%%

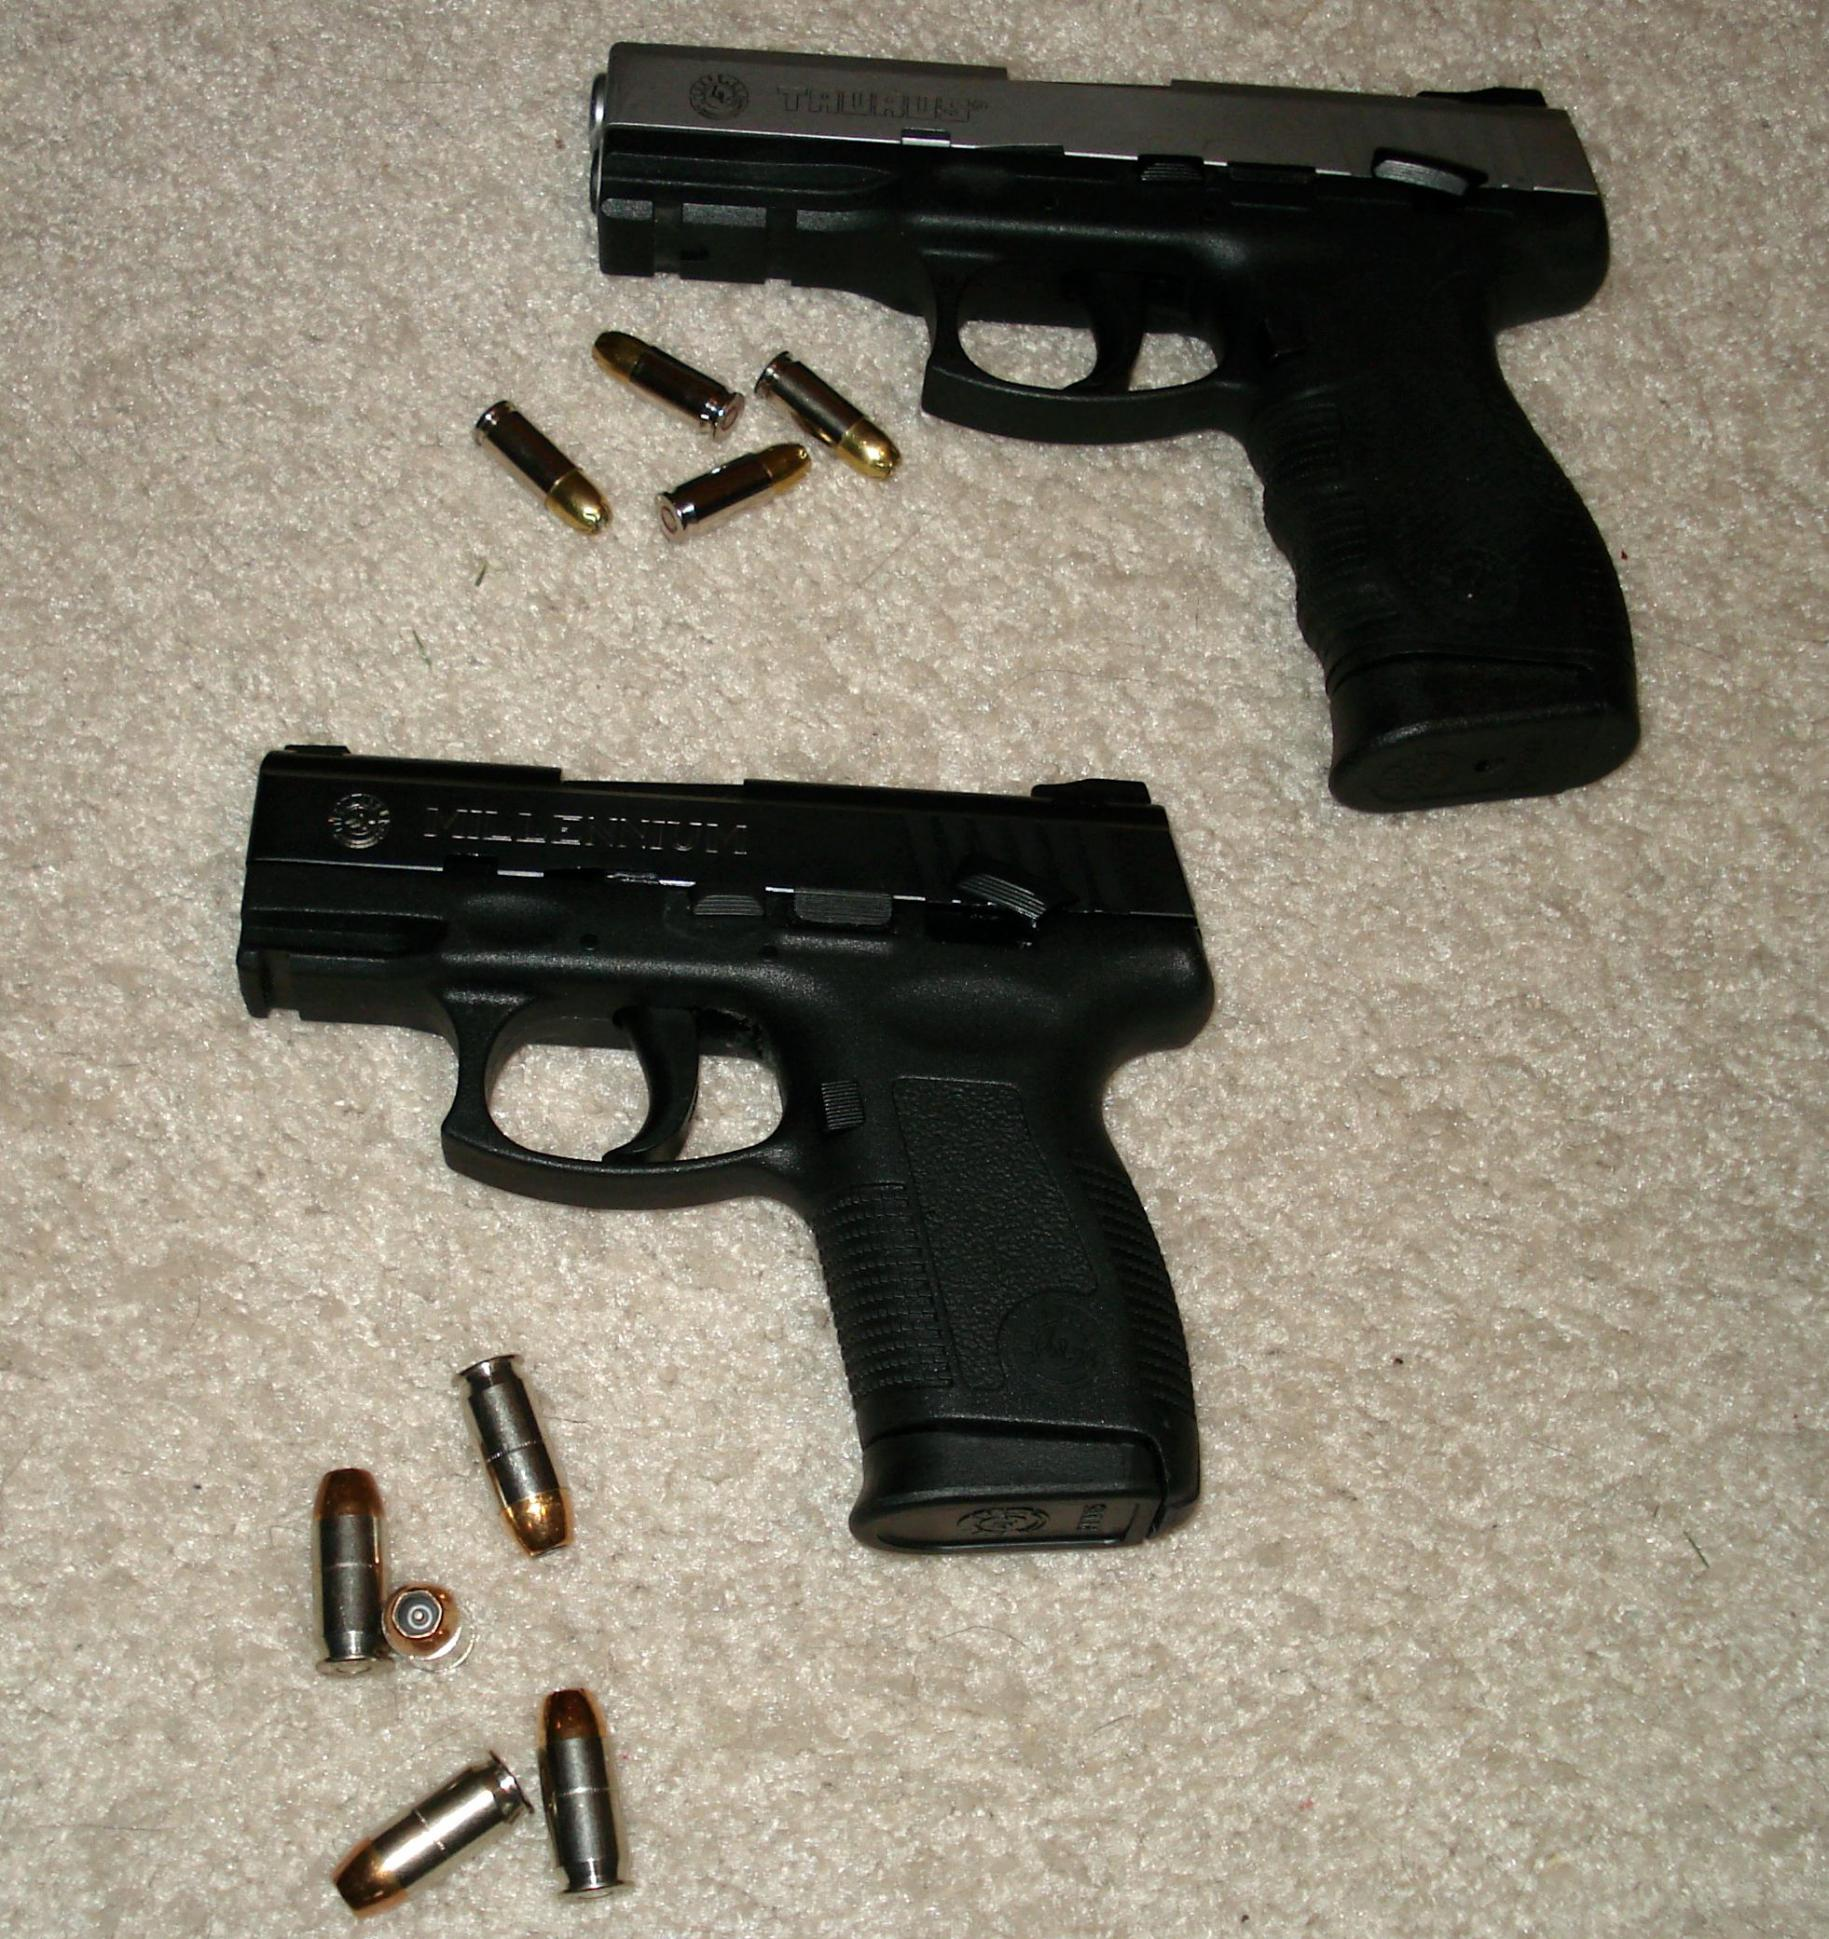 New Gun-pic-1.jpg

%%
%%

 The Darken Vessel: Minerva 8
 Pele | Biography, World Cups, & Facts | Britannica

%%
%%

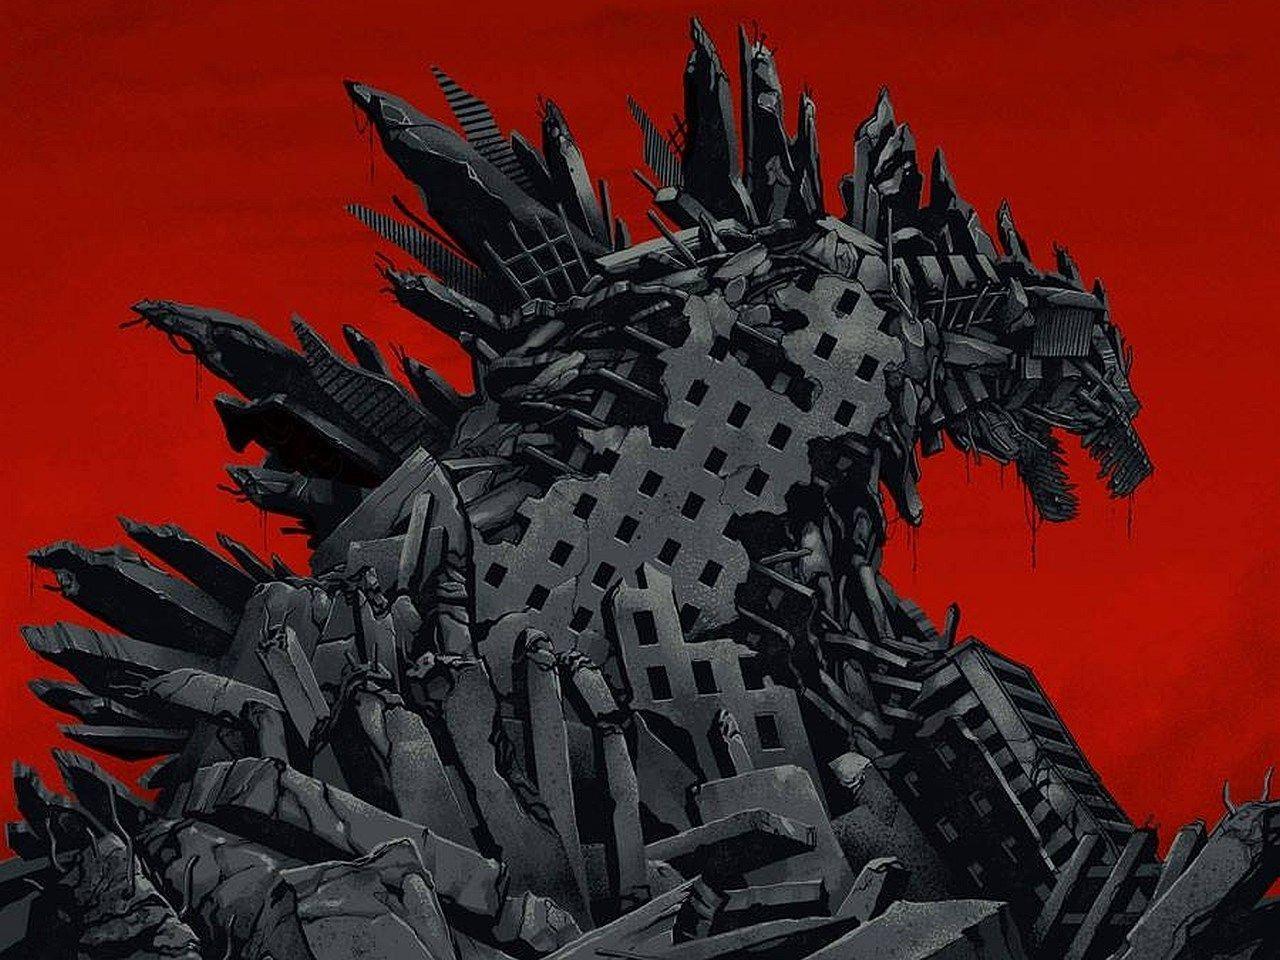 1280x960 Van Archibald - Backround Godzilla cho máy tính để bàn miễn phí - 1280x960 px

%%

*Problem to solve*: When you reach the line holding "The Darken Vessel: Minerva 8" in the records above, begin reproducing exactly, stop after the line holding "Pele | Biography, World", and output nothing else.

*Exercise output*:
 The Darken Vessel: Minerva 8
 Pele | Biography, World Cups, & Facts | Britannica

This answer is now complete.